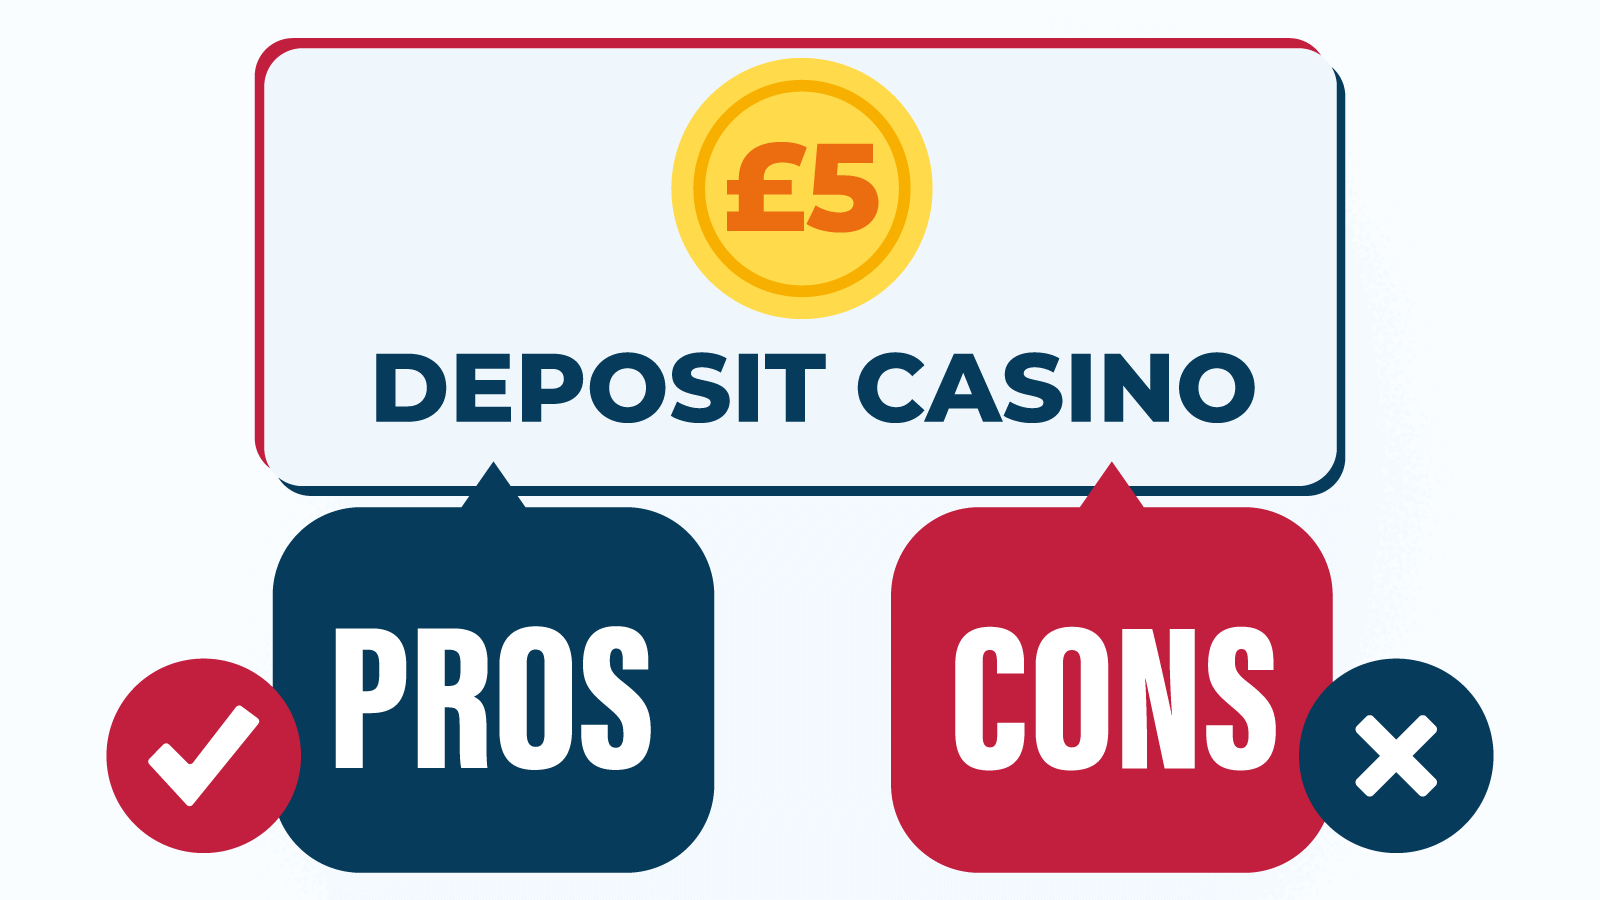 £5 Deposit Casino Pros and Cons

++++++++++++++++++++

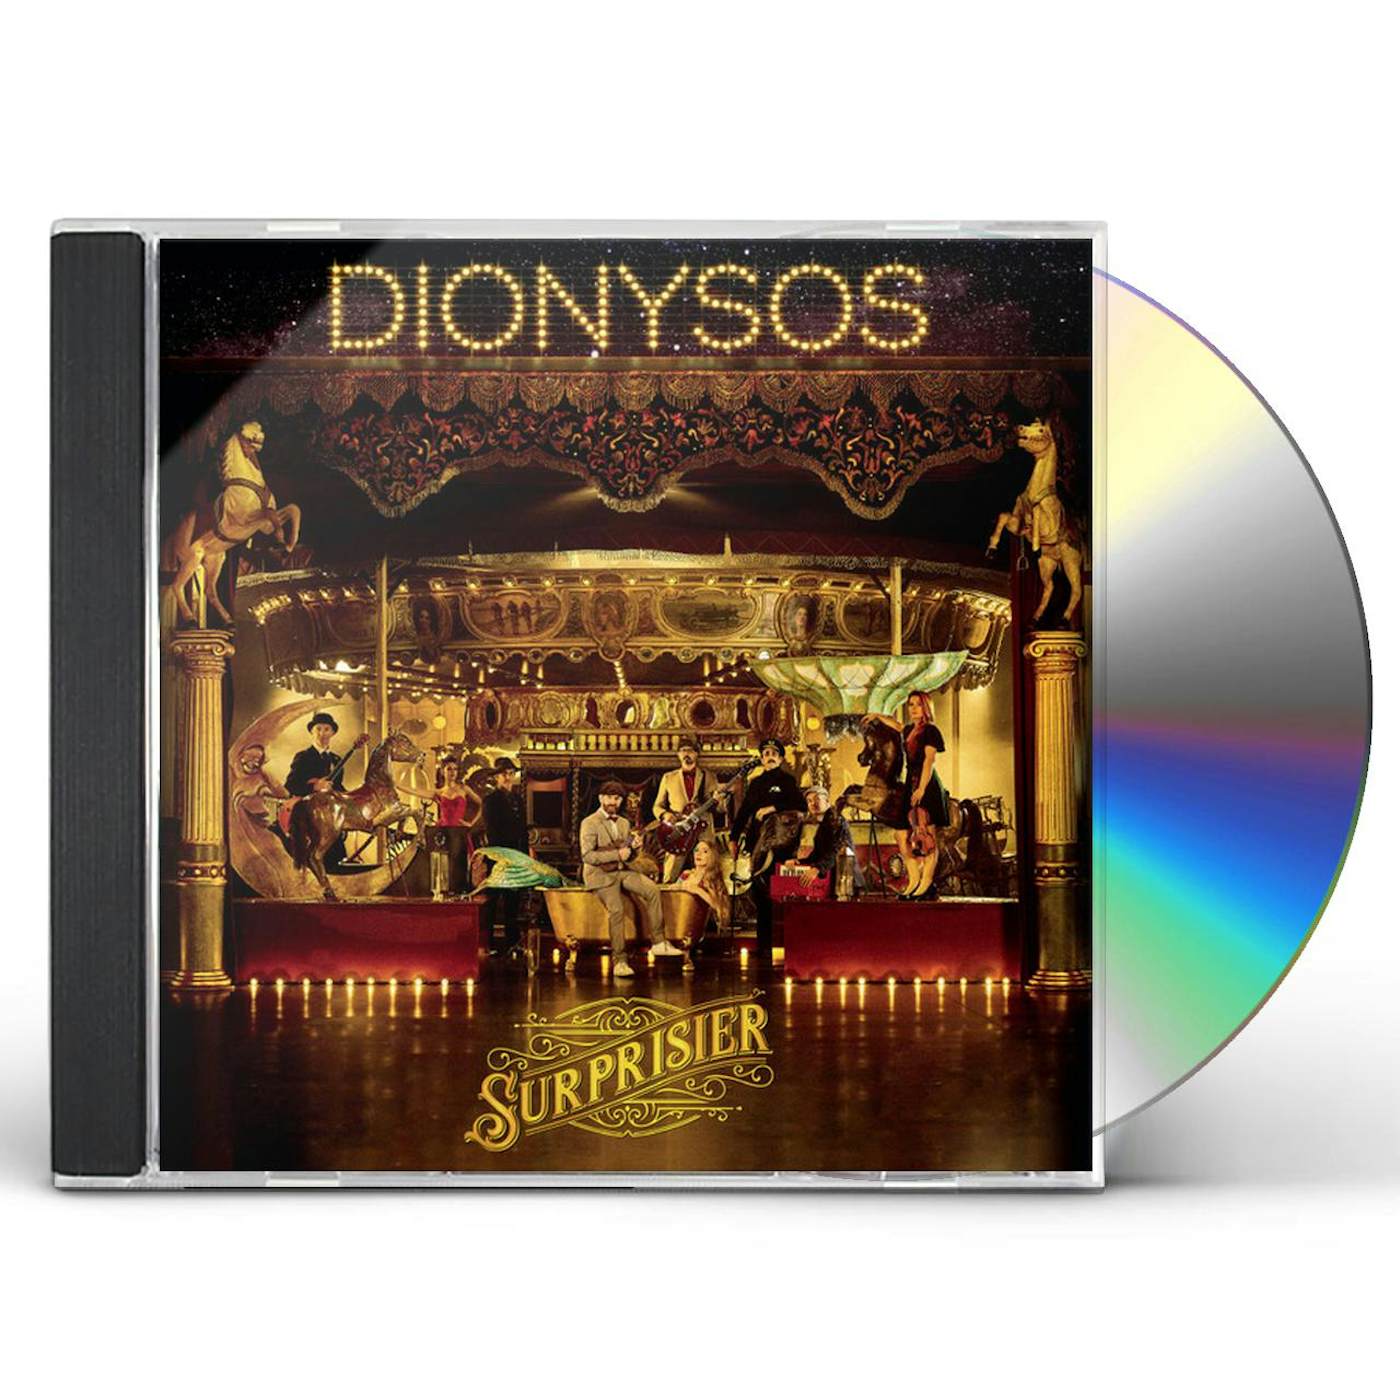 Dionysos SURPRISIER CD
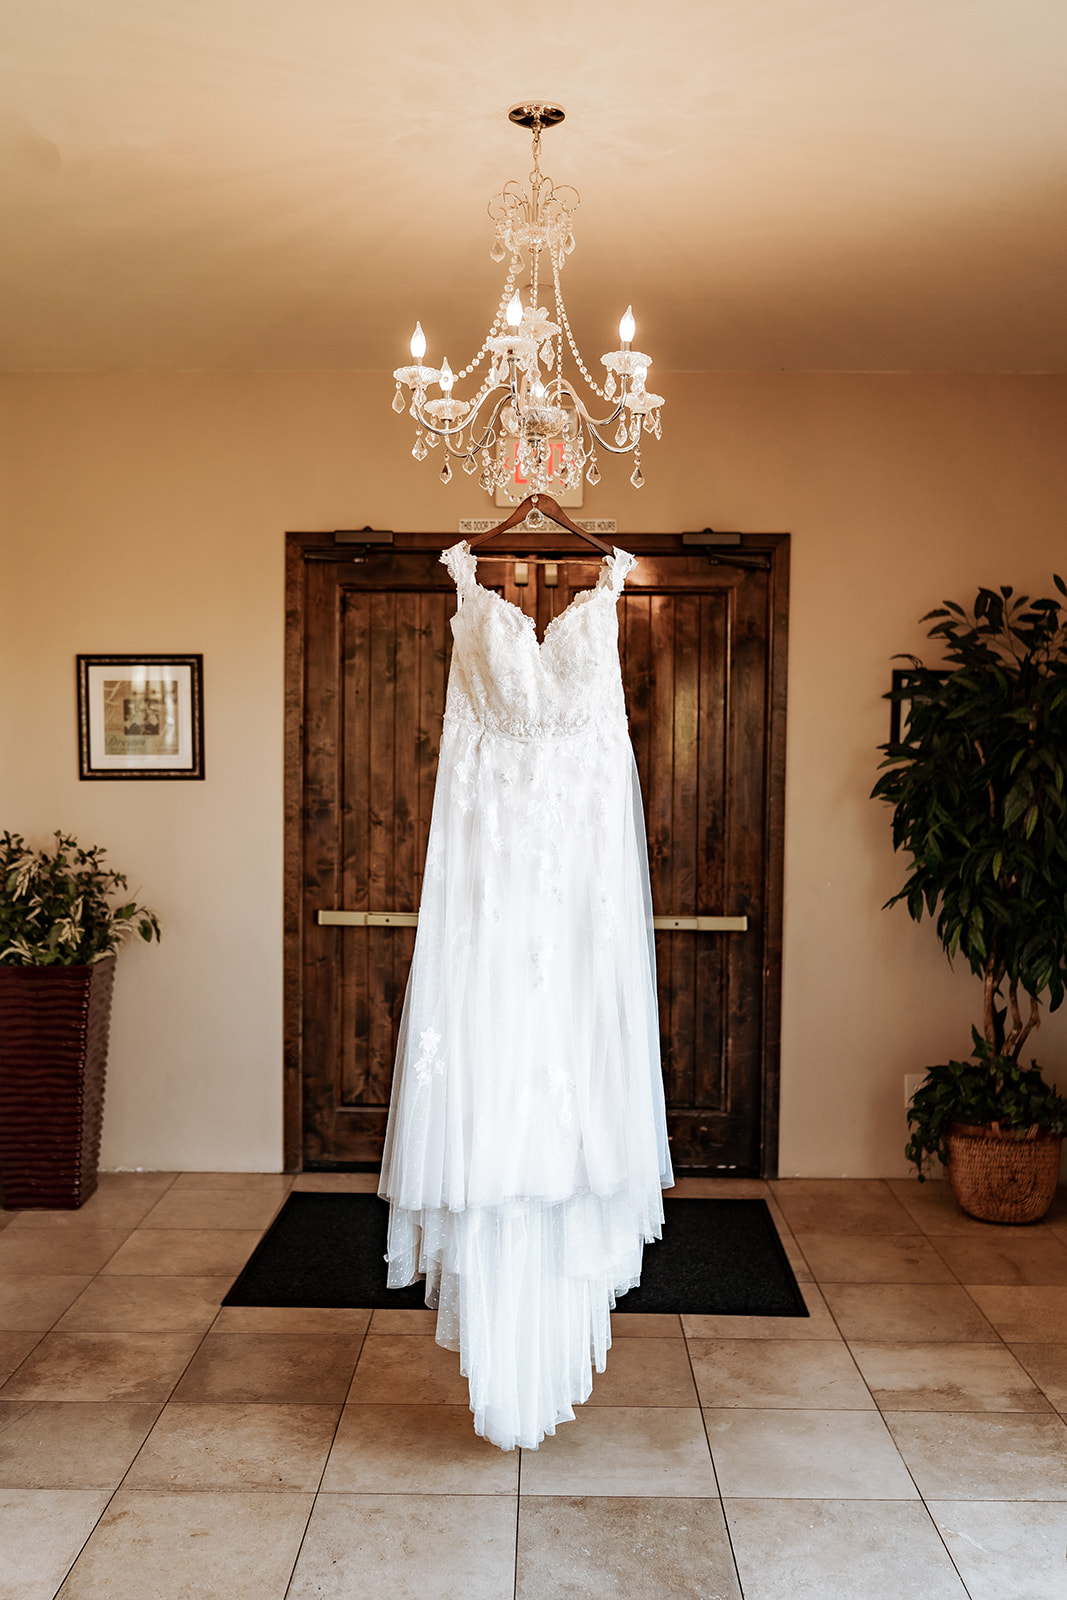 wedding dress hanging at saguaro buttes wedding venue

++++++++++++++++++++

# Problem description
Leaving out each picture, repeat exactly the lines above from the one that contains "Dionysos SURPRISIER CD" through the one that contains "wedding dress hanging".

# Output
 Dionysos SURPRISIER CD
 wedding dress hanging at saguaro buttes wedding venue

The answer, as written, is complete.